If you are a regular user of the tidyverse libraries, you are probably familiar with the pipe operator %>%. You may have noticed that the first argument of emuR functions is almost always the emuDBhandle. This means that you can pipe the database object into these functions, for example

ae %>% list_ssffTrackDefinitions
ae %>% list_levelDefinitions
ae %>% get_levelCanvasesOrder("default")
[1] "Tone"

Similarly, you can view a database by calling ae %>% serve.

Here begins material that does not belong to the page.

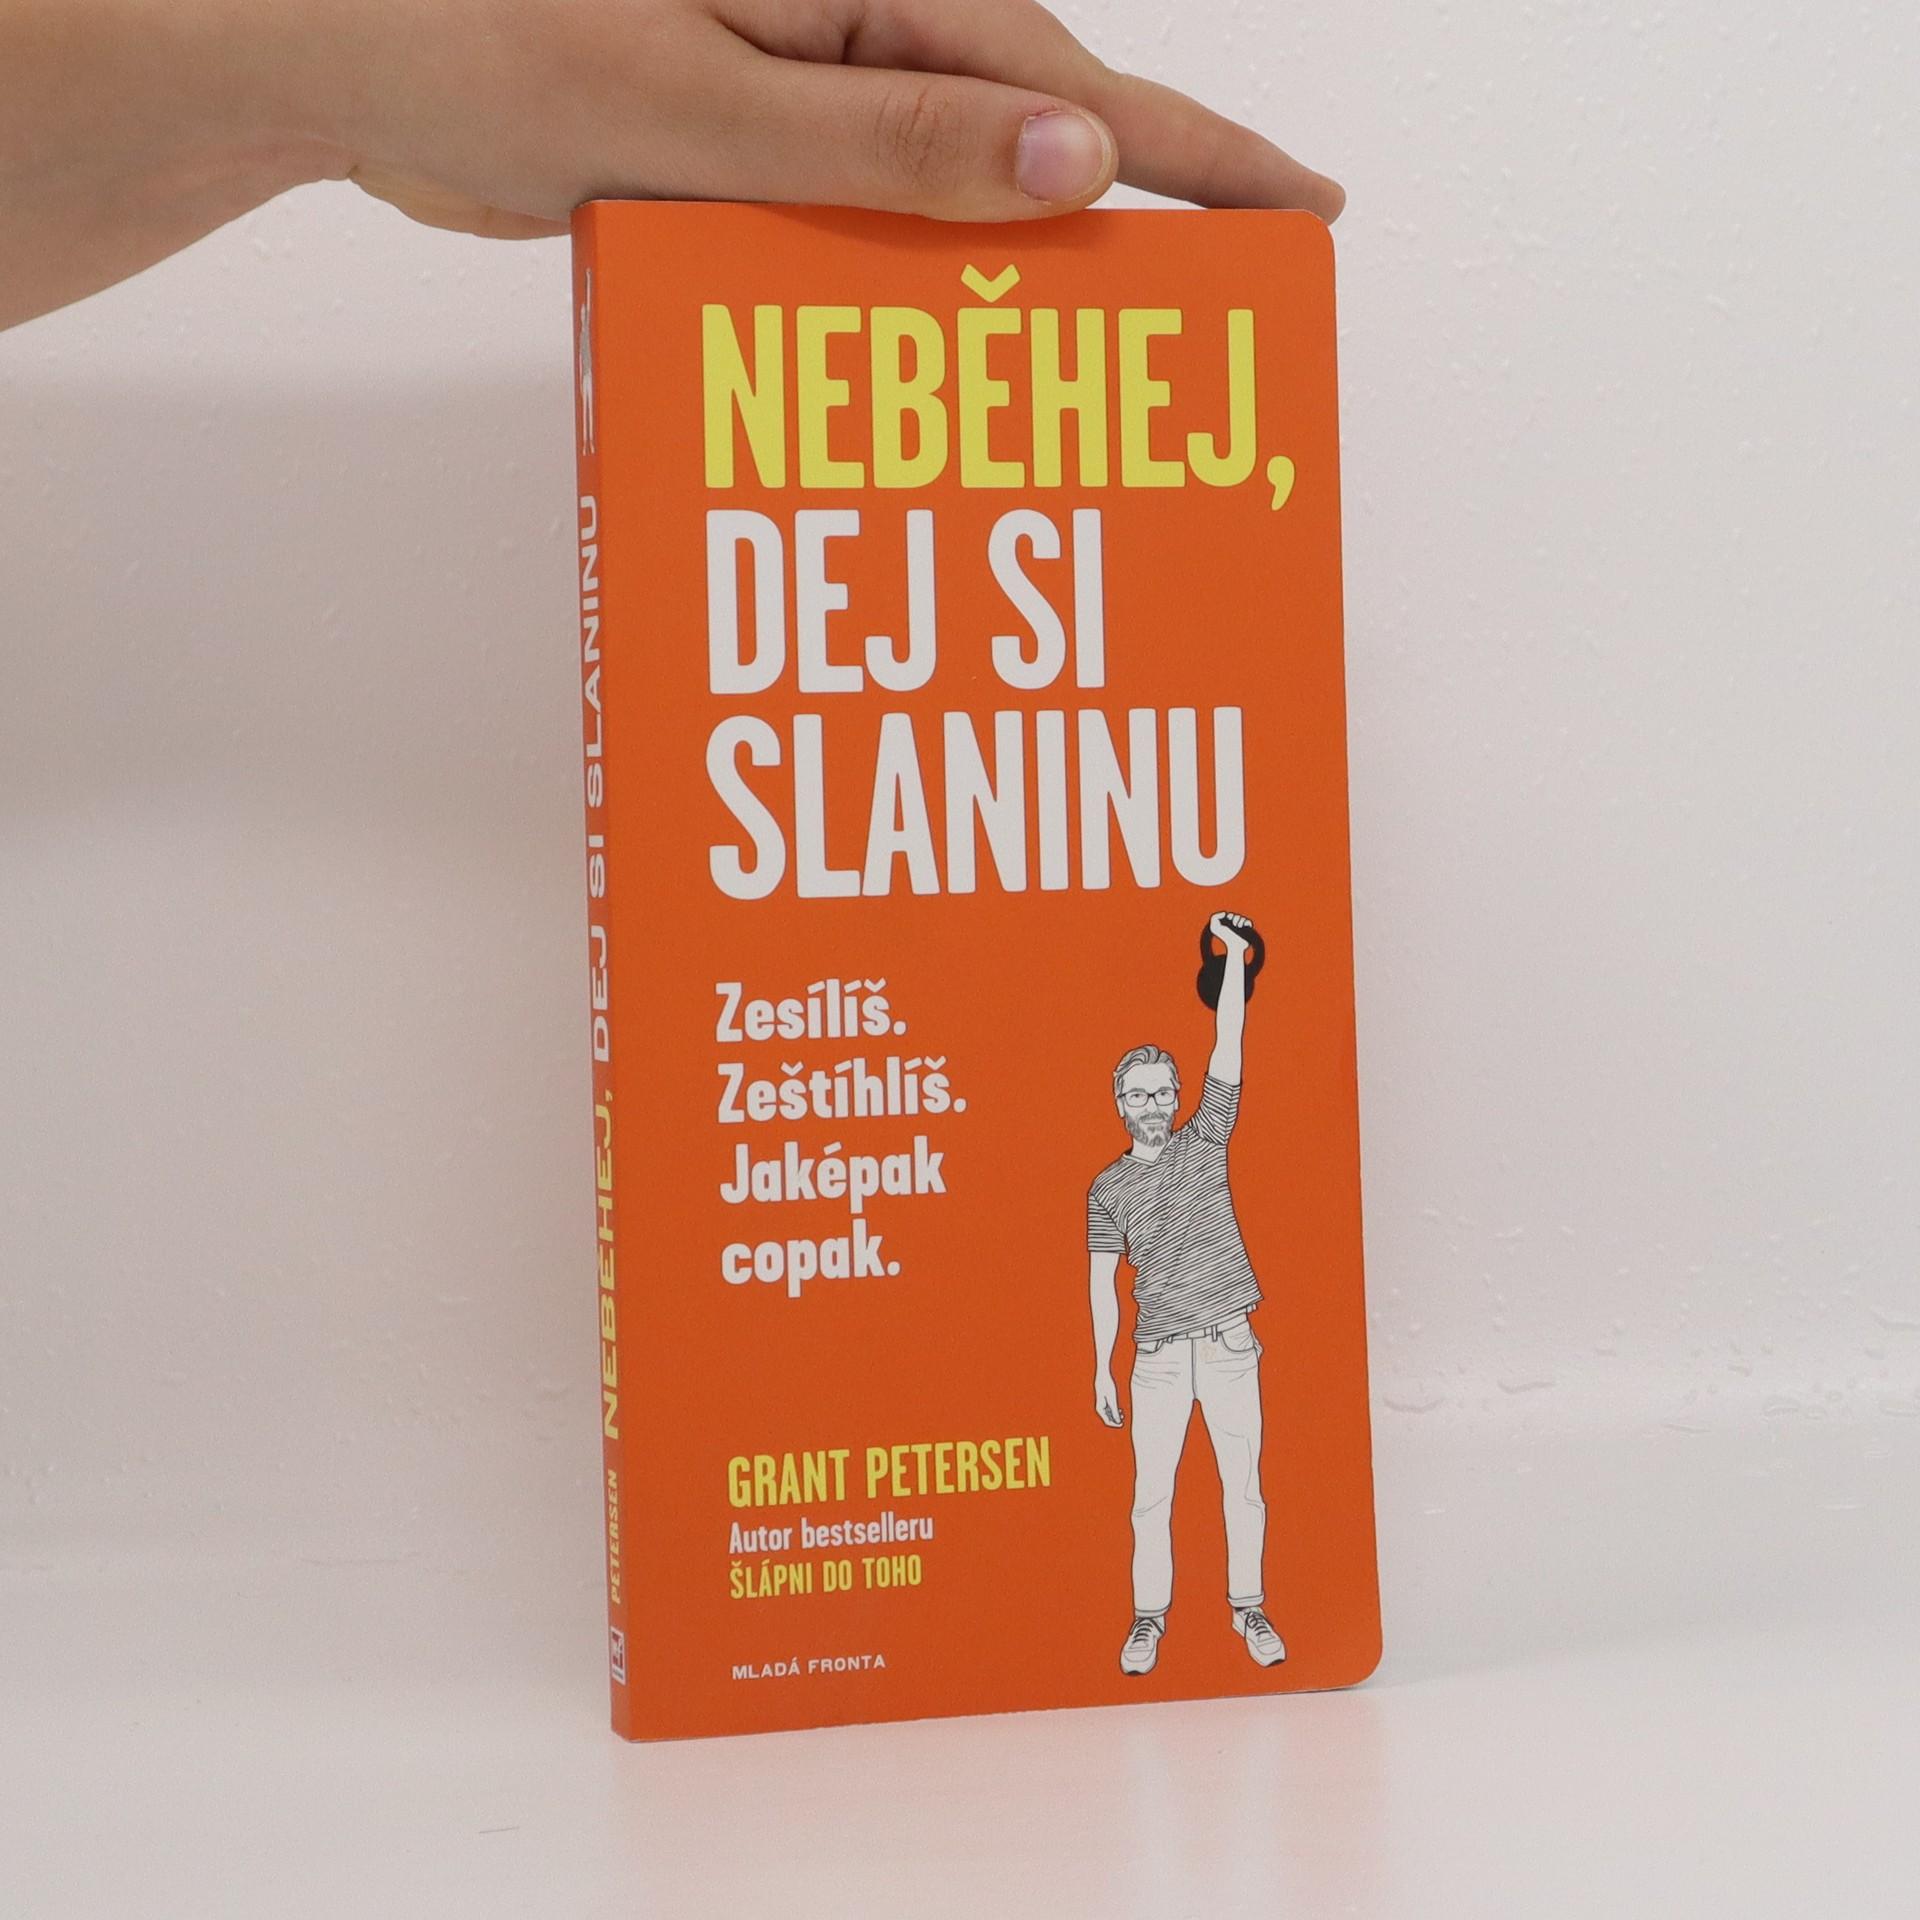 antikvární kniha Neběhej, dej si slaninu, 2018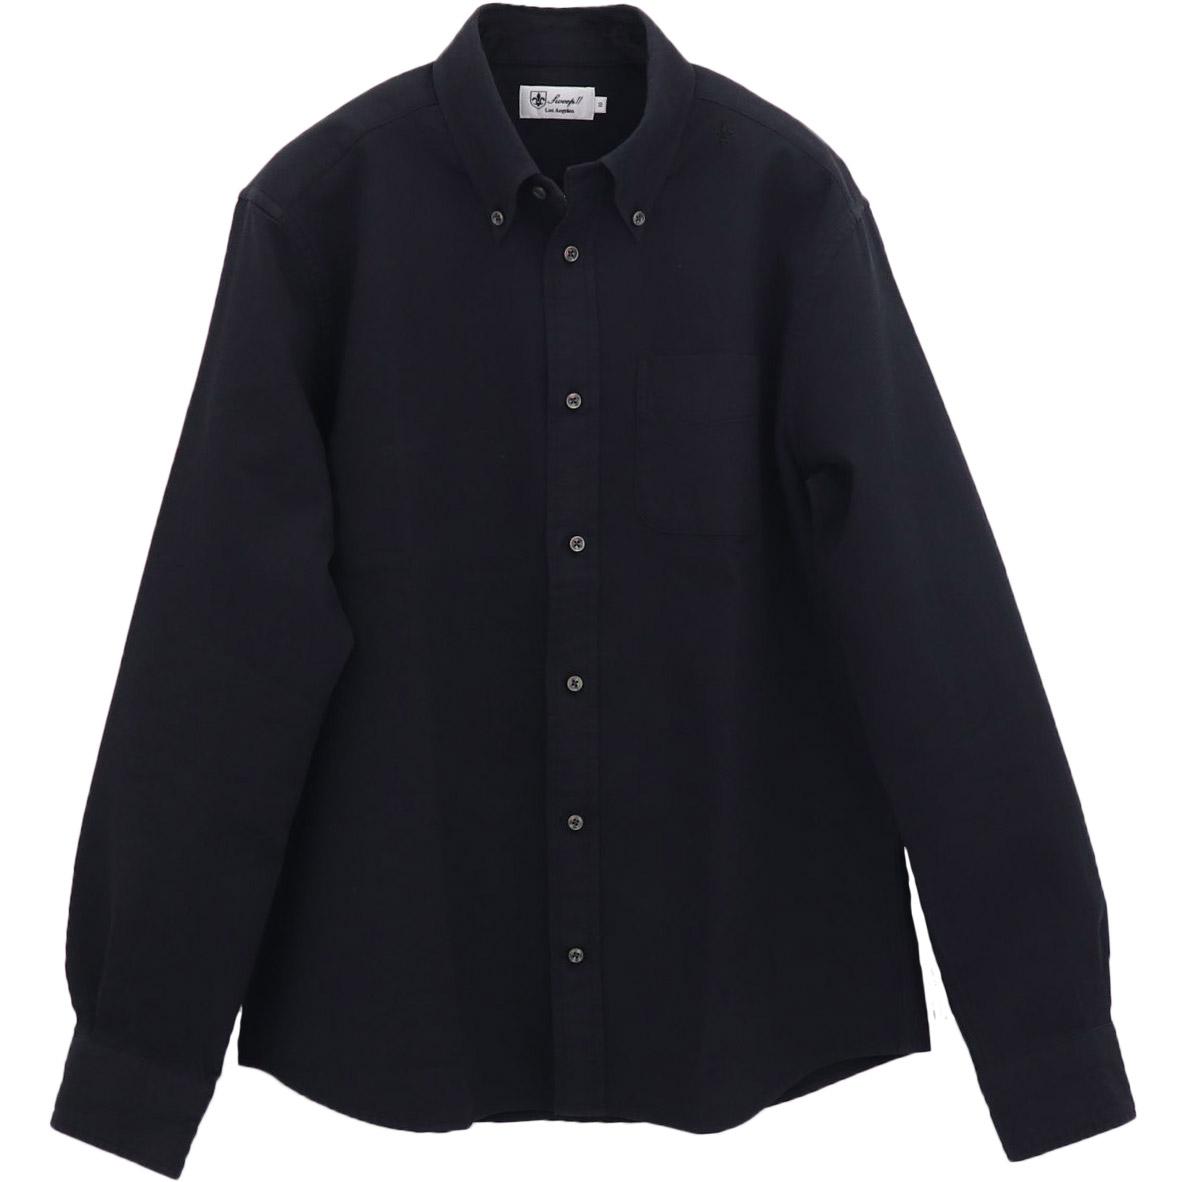 高密度ワッフル ボタンダウンシャツ BLACK (ブラック)

2.5 Functions introduced in this chapter

  • create_emuRdemoData(): downloads an online demo database
  • list.dirs() and list.files(): lists the directories or files within a directory on your computer
  • file.path(): returns the location of a directory on your computer
  • load_emuDB(): loads an emuDB into the R environment
  • summary() lists the salient contents of an emuDB
  • list_bundles(): lists the so-called bundles of an emuDB
  • list_levelDefinitions(): lists the annotation levels of tiers of an emuDB
  • list_attributeDefinitions(): lists the attribute tiers of an annotation tier
  • list_linkDefinitions(): lists the links between the tiers of an emuDB
  • list_ssffTrackDefinitions(): lists the available signal files of an emuDB
  • serve(): view and annotate an emuDB
  • get_signalCanvasesOrder(): shows what signals are being displayed when serve() is launched.
  • set_signalCanvasesOrder(): changes the signals to be displayed.
  • add_signal_canvas(): adds one or more signals to the default display perspective (requires the emuhelpeR package)
  • reset_signal_canvas(): resets the default display perspective so it shows the waveform and spectrogram (requires the emuhelpeR package)
  • get_levelCanvasesOrder(): shows what annotation levels are being displayed when serve() is launched.
  • set_levelCanvasesOrder(): changes the annotation levels to be displayed.